FIG. 9 is an explanatory diagram of two patterns of a target acceleration trajectory used in the present invention.

FIG. 10 is a waveform diagram of the VCM drive current at each weighting coefficient value.

FIG. 11 is a waveform diagram of the VCM drive current at each weighting coefficient value.

FIG. 12 is a waveform diagram of a VCM drive current at each weighting coefficient value.

FIG. 13 is a response waveform diagram when the present invention is applied to a seek control system of a magnetic disk.

FIG. 14 is a response waveform diagram when the present invention is applied to a seek control system of a magnetic disk.

FIG. 15 is a response waveform diagram when the present invention is applied to a seek control system of a magnetic disk.

FIG. 16 is a response waveform diagram when the present invention is applied to a seek control system of a magnetic disk.

FIG. 17 is a waveform diagram of a response in the conventional seek control.

FIG. 18 is a waveform diagram of a response in conventional seek control.

FIG. 19 is a waveform diagram of a response in the conventional seek control.

FIG. 20 is a waveform diagram of a response in conventional seek control.

FIG. 21 is a response waveform diagram when the present invention is applied to a seek control system of a magnetic disk.

FIG. 22 is a response waveform diagram when the present invention is applied to a seek control system of a magnetic disk.

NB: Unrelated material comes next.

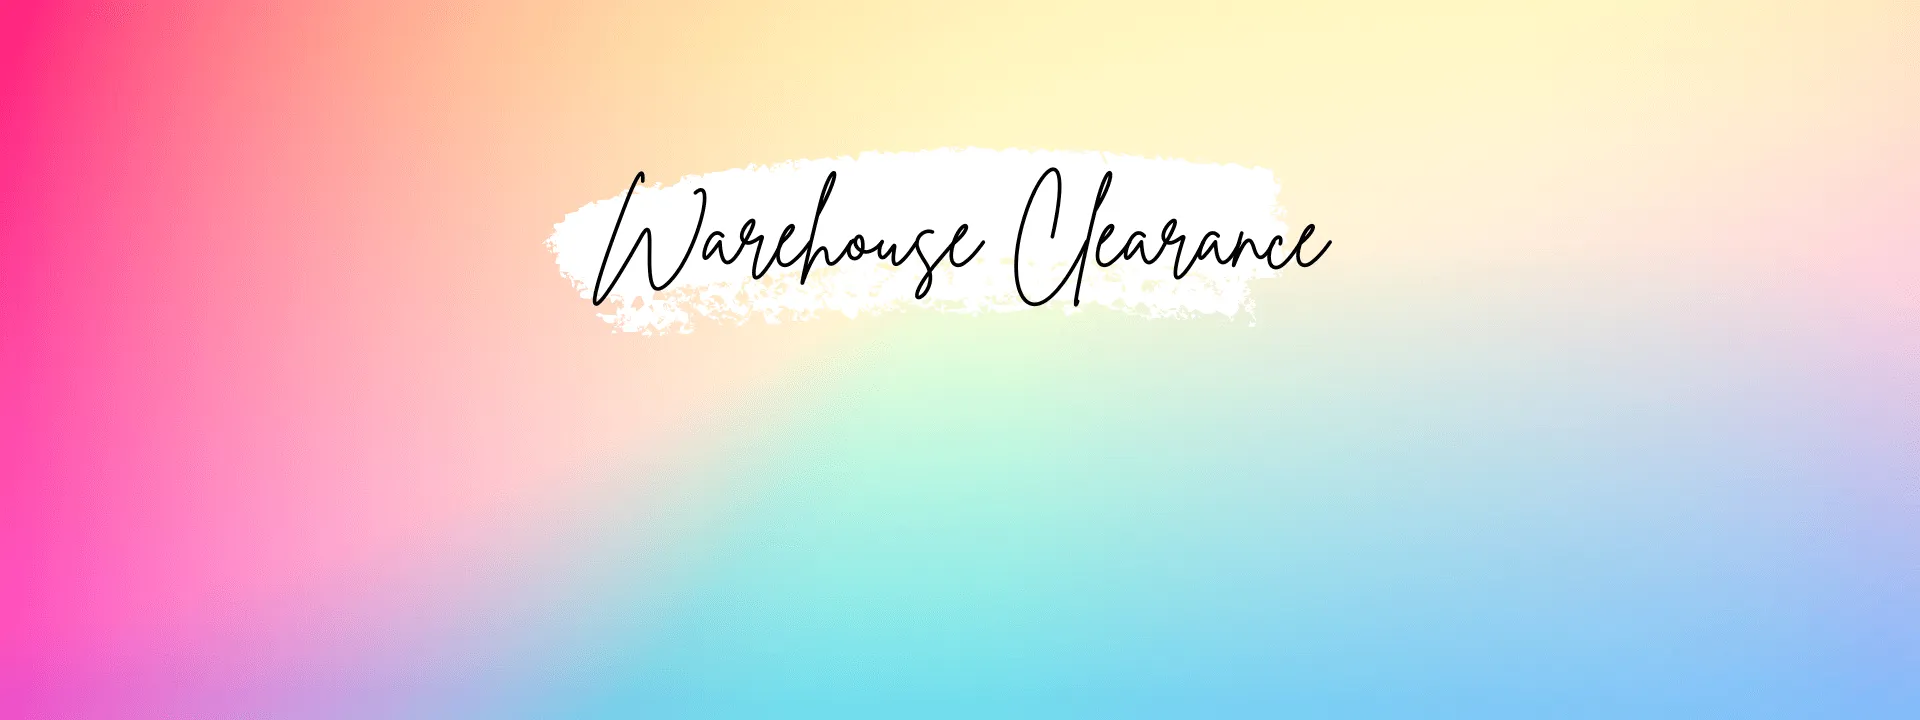 Warehouse clearance

FIG. 23 is a response waveform diagram when the present invention is applied to a seek control system of a magnetic disk.

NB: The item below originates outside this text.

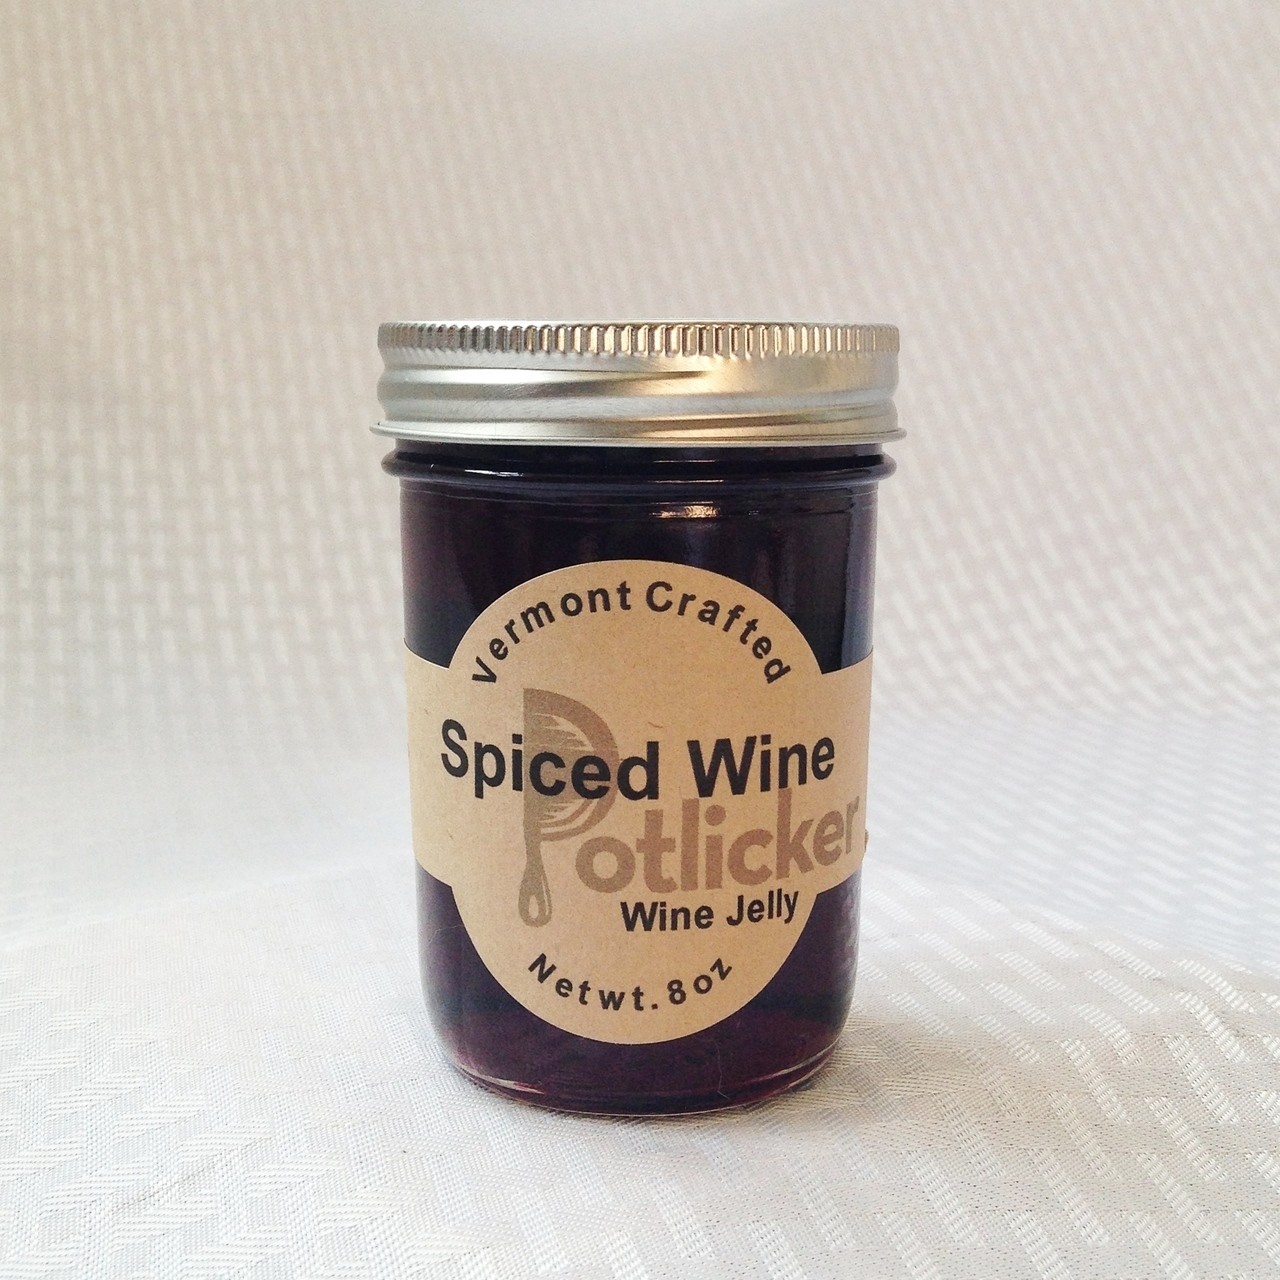 Potlicker Kitchen Spiced Wine Jelly

FIG. 24 is a response waveform diagram when the present invention is applied to a seek control system of a magnetic disk.

FIG. 25 is a response waveform diagram in the conventional seek control.

FIG. 26 is a response waveform diagram in the conventional seek control.

FIG. 27 is a response waveform diagram in the conventional seek control.

FIG. 28 is a response waveform diagram in the conventional seek control.

FIG. 29 is an explanatory diagram of a relationship between head position and speed in conventional magnetic disk drive seek control.

FIG. 30 is a waveform diagram of acceleration in the conventional seek control of the magnetic disk device.

FIG. 31 is a velocity waveform chart in seek control of a conventional magnetic disk device.

[Explanation of symbols]

1 ... Normalized position calculating means, 2, 4 ... Normalized time detecting means, 3, 5, 8, 10, 12, 14, ... Coefficient multiplying means, 6
... Coefficient adjusting means, 7, 9 ... Target speed generating means, 11, 1
3 ... Acceleration feedforward generating means, 20 ... Position signal demodulation circuit, 21 ... Difference counter, 2
2 ... AD converter, 23 ... Head speed detection means, 24 ... Compensation calculation means, 25 ... DA converter, 30 ... Power amplifier,
31 ... Base, 32 ... Case, 33 ... VCM magnet, 34 ... VCM coil, 35 ... Carriage, 36 ... Servo head, 37 ... Data head, 38 ... Spindle,
39 ... Disk.

Claims (1)

[Claims] 1. A positioning control device comprising: a control target that moves to a target position and positions it; an actuator that moves the control target to the target position; and a structure that mounts the actuator and the control target. , One or more acceleration feedforward signal generating means,
One or more coefficient multiplying means for multiplying the acceleration feedforward signal output by each of the acceleration feedforward signal generating means by a weighting coefficient, an adding means for adding the outputs of the coefficient multiplying means, and one or more velocity targets Value generating means, and one or more coefficient multiplying means for multiplying the speed target value output by each of the speed target value generating means by a weighting coefficient,
An adding means for adding the outputs of the coefficient multiplying means, a weighting coefficient adjusting means for adjusting the weighting coefficient, a speed detecting means for detecting the speed of the controlled object, and a speed target value and a speed detection value obtained by summing the loads. A positioning control device comprising: a control means for inputting and performing an arithmetic operation; and an adding means for adding an output of the control means and an acceleration feedforward signal summed with a load.